Equívocos

Especialista aponta erros nas orientações do relatório da CPI para combater fake news

Recomendações apontam para mudanças legais que, na prática, podem desproteger dados pessoais e igualar, no âmbito criminal, quem produz e quem divulga desinformações

Pillar Pedreira/ Agência Senado
Pillar Pedreira/ Agência Senado
Especialista pondera que a "criminalização dos usuários" deixa de lado "os grandes que realmente partilham e produzem desinformação"

São Paulo – O relatório final da CPI da Covid, apresentado pelo senador Renan Calheiros (MDB-AL), faz recomendações sobre alterações legais para combater a disseminação de fake news. Mas, segundo diversas entidades que trabalham pela democratização da comunicação, há erros nas orientações listadas que podem provocar um efeito reverso na prática. 

Entre as 17 propostas legislativas, o documento torna crime o ato de “criar ou divulgar notícia que sabe ser falsa para distorcer, alterar ou corromper gravemente a verdade” em temas do “interesse público”, como saúde, segurança e economia, e propõe pena de prisão de seis meses a dois anos. O que para a jornalista, doutora em Comunicação pela Universidade de Brasília (UnB) e integrante do coletivo Intervozes Helena Martins, “parece desproporcional”. 

Professora da Universidade Federal do Ceará (UFC), onde coordena o Laboratório de Economia, Tecnologia e Políticas de Comunicação (Telas), Helena explica, em entrevista a Glauco Faria, no Jornal Brasil Atual, que é “fundamental” trazer à tona o tema que preenche um capítulo com mais de 200 páginas no relatório final. “A desinformação causou efetivamente milhares de mortes no Brasil e no mundo e é uma questão que tem que ser enfrentada”, destaca.

Controvérsias

No entanto, a especialista pondera que a criminalização dos usuários deixa de lado “os grandes que realmente partilham e produzem desinformação e constroem um ecossistema todo desinformativo, inclusive o presidente da República, Jair Bolsonaro”, ressalta. 

De acordo com Helena, há uma dificuldade de precisão no conceito de desinformação estabelecido que pode abrir caminho para diversas interpretações. O texto da proposta trata que “não é considerada notícia falsa a manifestação de opinião, de expressão artística ou literária, ou de conteúdo humorístico”, o que pode não ser suficiente. “Inclusive na academia já há vários conceitos e dificuldades de se apontar, porque às vezes desinformação pode ser algo descontextualizado, uma mentira, ou um erro. É muito mais efetivo, e tem um risco menor de imprecisões, focar efetivamente na produção de campanhas de desinformação de forma organizada e financiada”, sugere.

As plataformas de aplicativos de mensagem e redes sociais, por sua vez, poderão armazenar o CPF ou CNPJ dos usuários, assim como o nome completo e data de nascimento, segundo o relatório final, para “garantir a identificação inequívoca do usuário”. As medidas também são questionadas pelas entidades que apontam o risco de “fragilização da proteção de dados de todos os usuários das redes sociais”.

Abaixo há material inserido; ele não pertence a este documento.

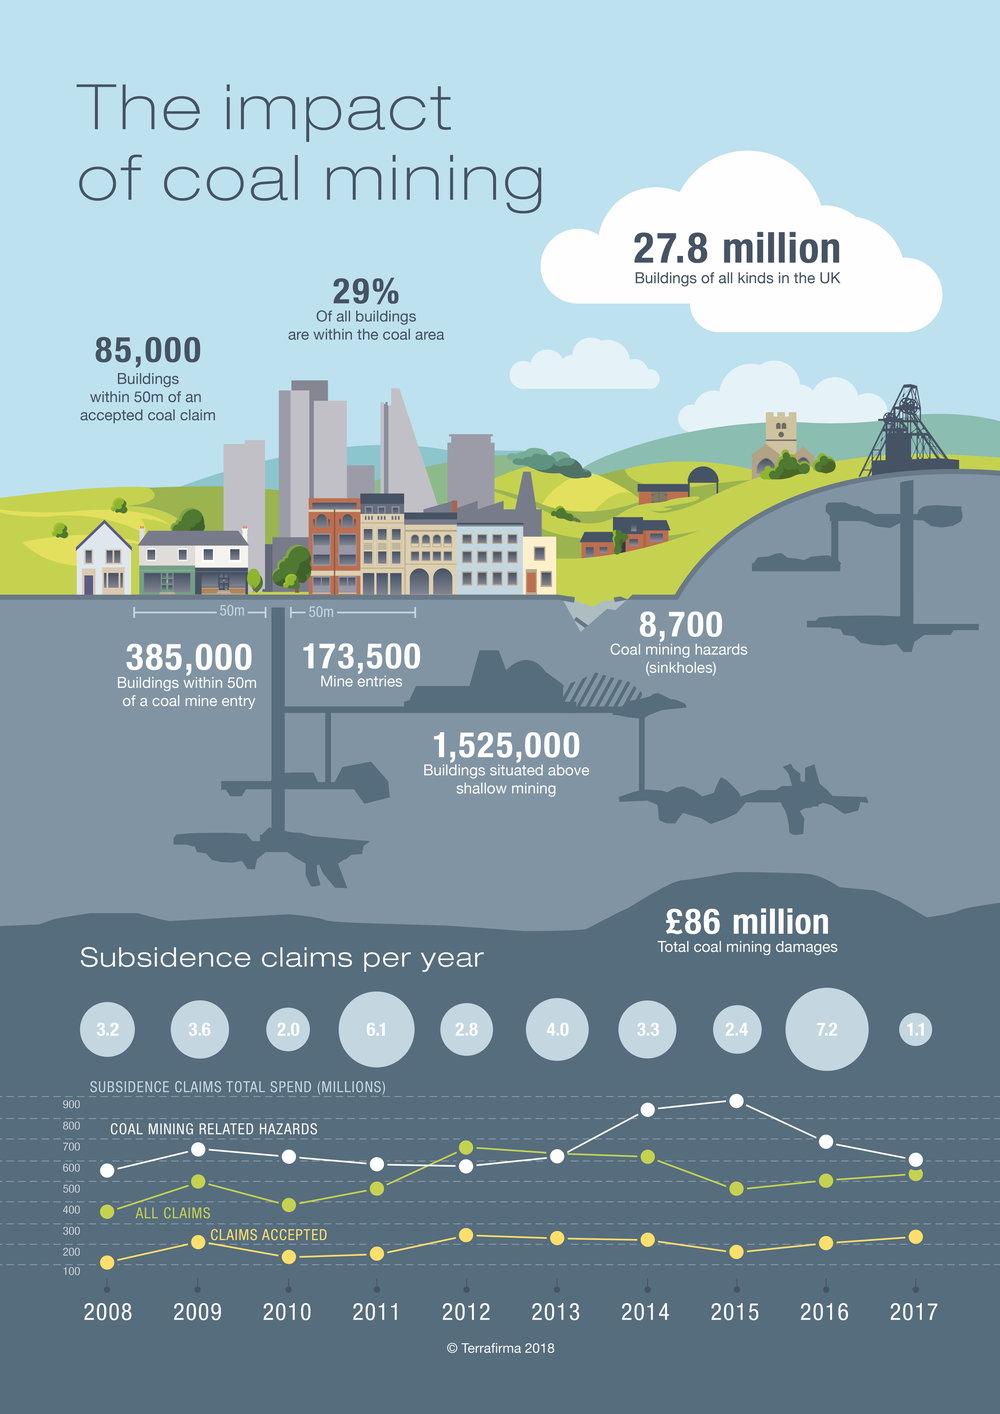 Impact of Coal Mining (Infographic (C) Terrafirma 2018)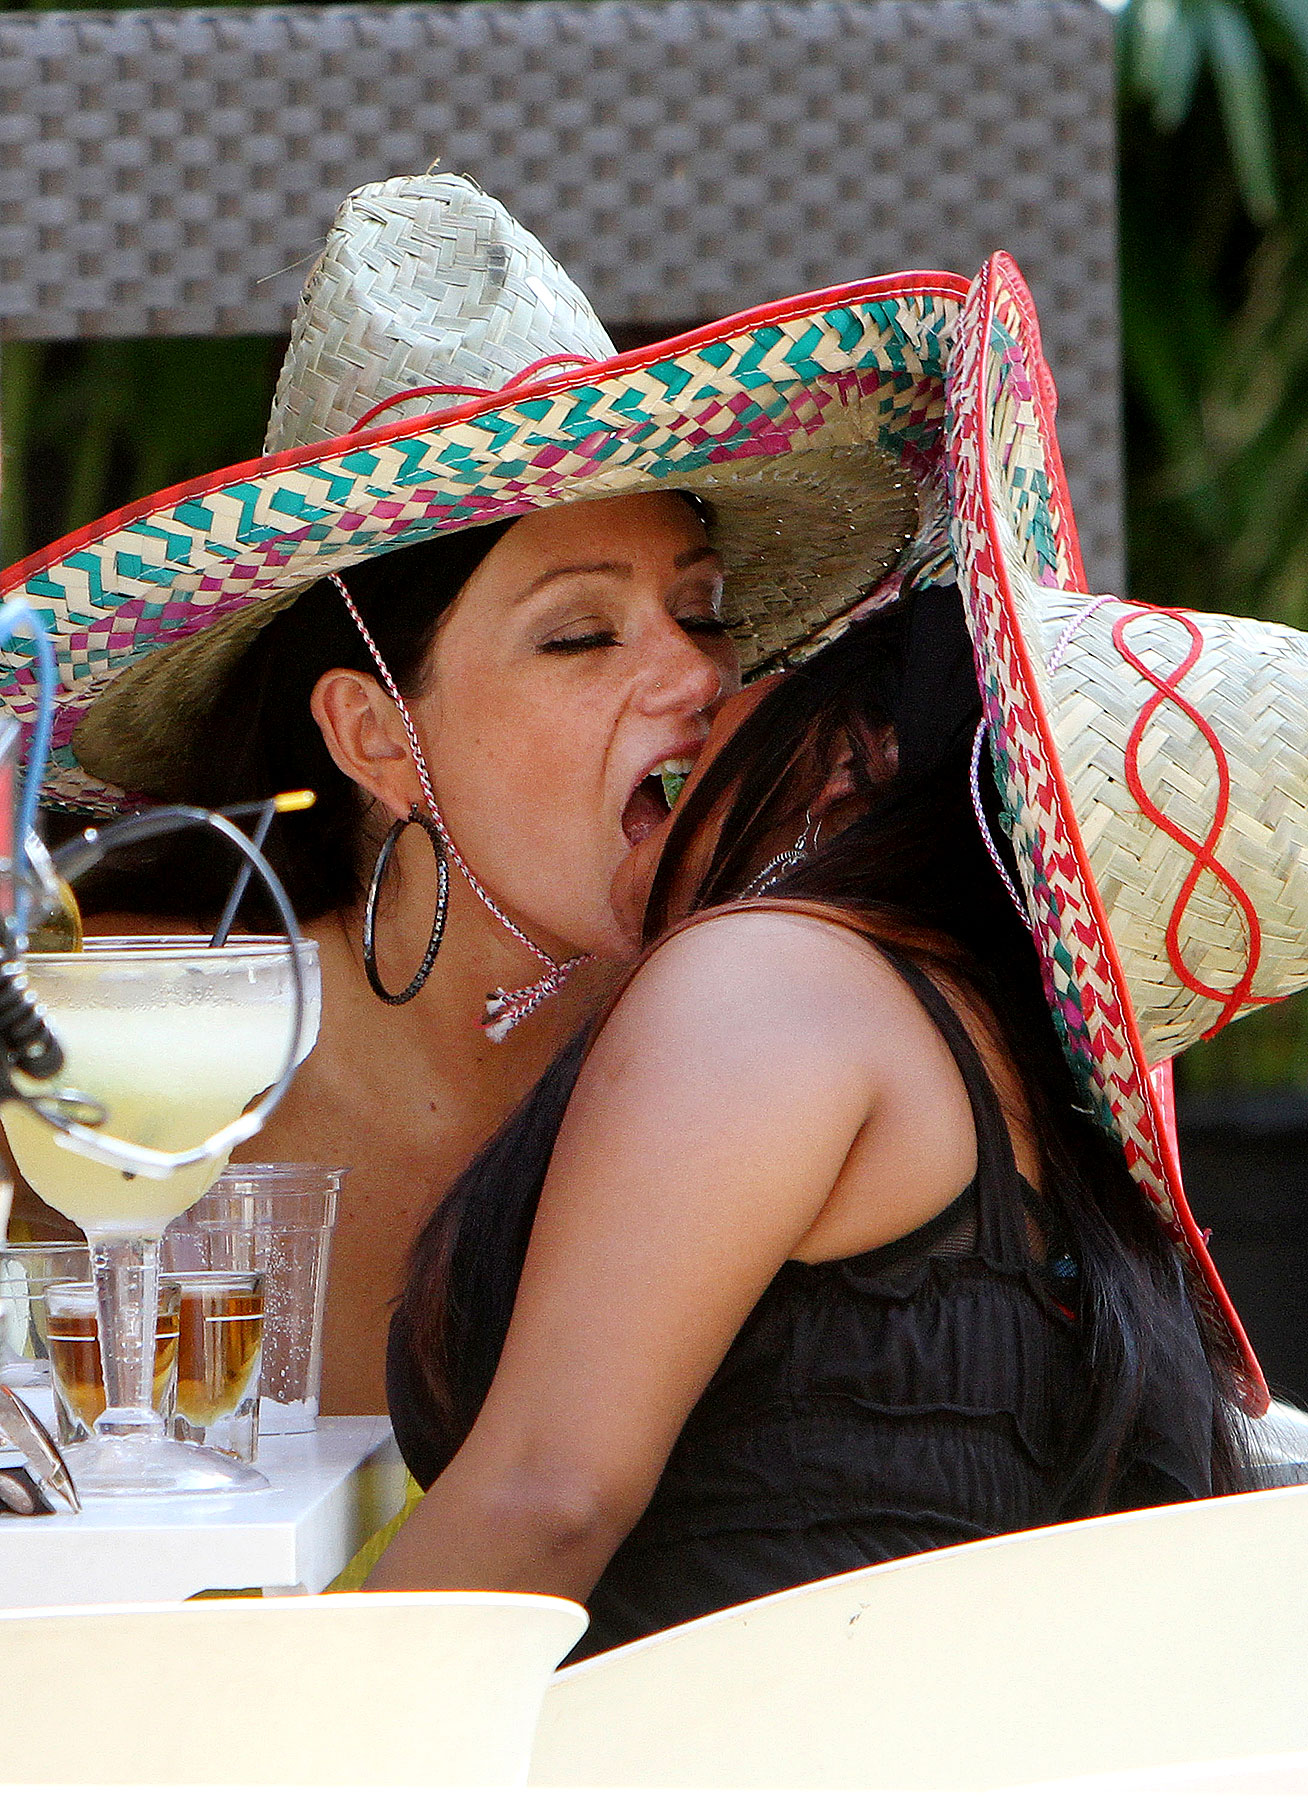 Snooki and JWoww Get Loco For Cinco de Mayo (PHOTOS)

Educação contra a desinformação

Outro problema identificado pela professora é a falta de uma educação voltada para a mídia, que dê condições, por exemplo, para que a população possa buscar outras informações, checar e comparar abordagens distintas sobre um mesmo tema ou a mensagem que recebe.

“Numa sociedade que tem esse déficit em relação à educação midiática e mesmo no acesso ao direito à comunicação, é muito problemático que a gente coloque de uma maneira genérica (na legislação) e acabe também apontando para essa punição. O que outros países fazem é apostar muito mais na lógica de promoção da educação para a mídia. Há investimentos em campanhas públicas, na relação com escolas, tanto espaços formais e informais de educação para combater a desinformação. Criando o que eles chamam de resiliência da população em relação a estas campanhas desinformativas, em vez de seguir pelo rumo do punitivismo”, comenta Helena.

A votação do relatório deve ocorrer nesta terça-feira (26) e a expectativa dos especialistas é que sejam feitas alterações nas propostas de combate às fake news listadas no relatório da CPI da Covid. Para Helena, o relatório deve levar em conta as discussões no Congresso Nacional sobre o Projeto de Lei 2.630/2020. A proposta, garante, é a que tem um debate mais avançado na transparência da internet. 

“Houve dezenas de audiências públicas sobre esse PL. Então me parece muito problemático que o relatório desconsidere todo esse processo democrático de elaboração, discussão e refinamento das propostas para combater a desinformação e proponha algo simplesmente a partir dos estudos da própria Comissão Parlamentar de Inquérito que, nós sabemos, teve que se debruçar sobre muitos outros temas”, conclui a professora.